In 1993 I
was living and working in Lubbock,
Texas, a Great Plains city of 200,000. Suddenly,
in the spring of that year, at the conclusion of a very strange series of
events, I found myself without a job and on the dole.
Lubbock is
the home of Texas Tech University which has a large, attractive campus. When I wasn’t out and about, pounding the
pavement to look for work, I would spend a lot of time at the school, often
holed up in its library. It was a great
place to read and daydream and wile away the hours.
One day,
while I was sitting there and thumbing through a Time or Newsweek (or some
such magazine), I came across an ad for the
Peace Corps, an organization I’d certainly heard of and had always been
intrigued by. I read the thing all the
way through and saw that the feds were looking to send people far and wide to
do “the toughest job” they’d “ever love.”
I recall looking up from the page and staring off into the middle
distance. Shortly thereafter, my vision
blurred and I could see myself (quite vividly, in my mind’s eye) living and doing
charitable work in some exotic locale.
Five
minutes later I left the library and drove home at a high rate of speed. I unlocked my apartment door, raced to my
bedroom, and dialed the 1-800 number listed in the advert. Before you could say “get out of Dodge,” I
was knee deep in the PC application process.
To make a
long story short, the American government ended up deploying me to Poland. My first stop was a place called Płock, not far from Warsaw. I spent the next three months in that
picturesque city on the Vistula River, completing something “Pre-Service
Training” with my fellow Volunteers-to-be.
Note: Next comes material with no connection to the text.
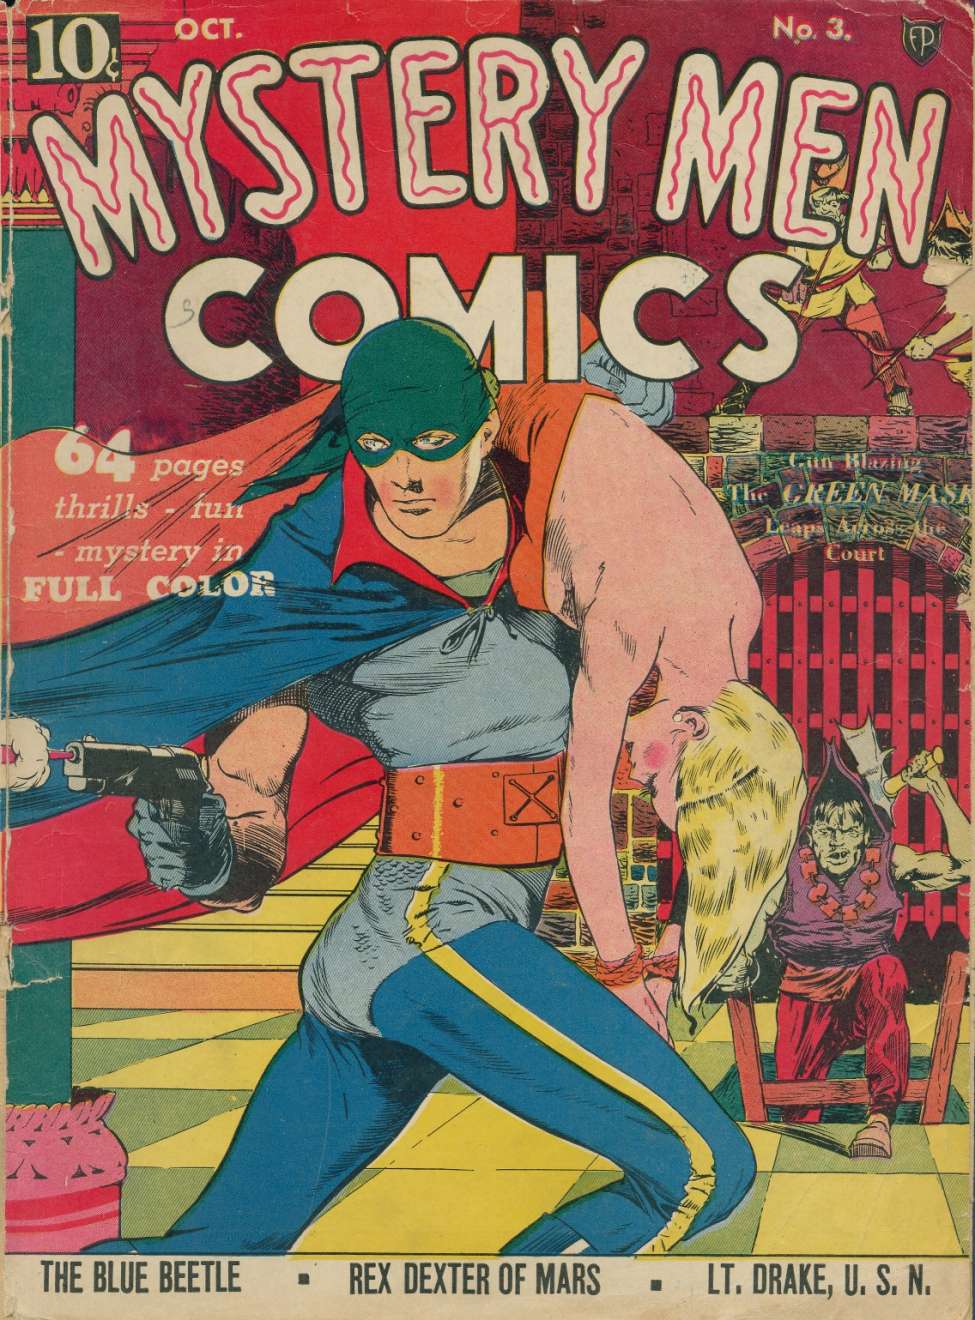 Mystery Men Comics #3 by Fox Features

By the way, I’ve included a photo of our group. It was taken not long before we graduated
from PST and were shipped off to the various towns and cities where we’d
serve. I can be seen in the lower,
right-hand corner. I’m standing behind the
blond and smiling Bradley Jarvis, a Californian who had recently graduated from
Cal-Berkeley.
After PST,
I was sent to Tarnów,
down near Krakow, to teach at a small teacher-trainer college. Two wonderful years ensued. I can say, without any hesitation, that that experience
transformed me in more ways than I can enumerate here, in this short blog. As a matter of fact, to this very day, I
think of Poland as my second birthplace.
Just before
completing my two years, I was given a certificate of appreciation which I recently
ran across when I was going through a box of keepsakes.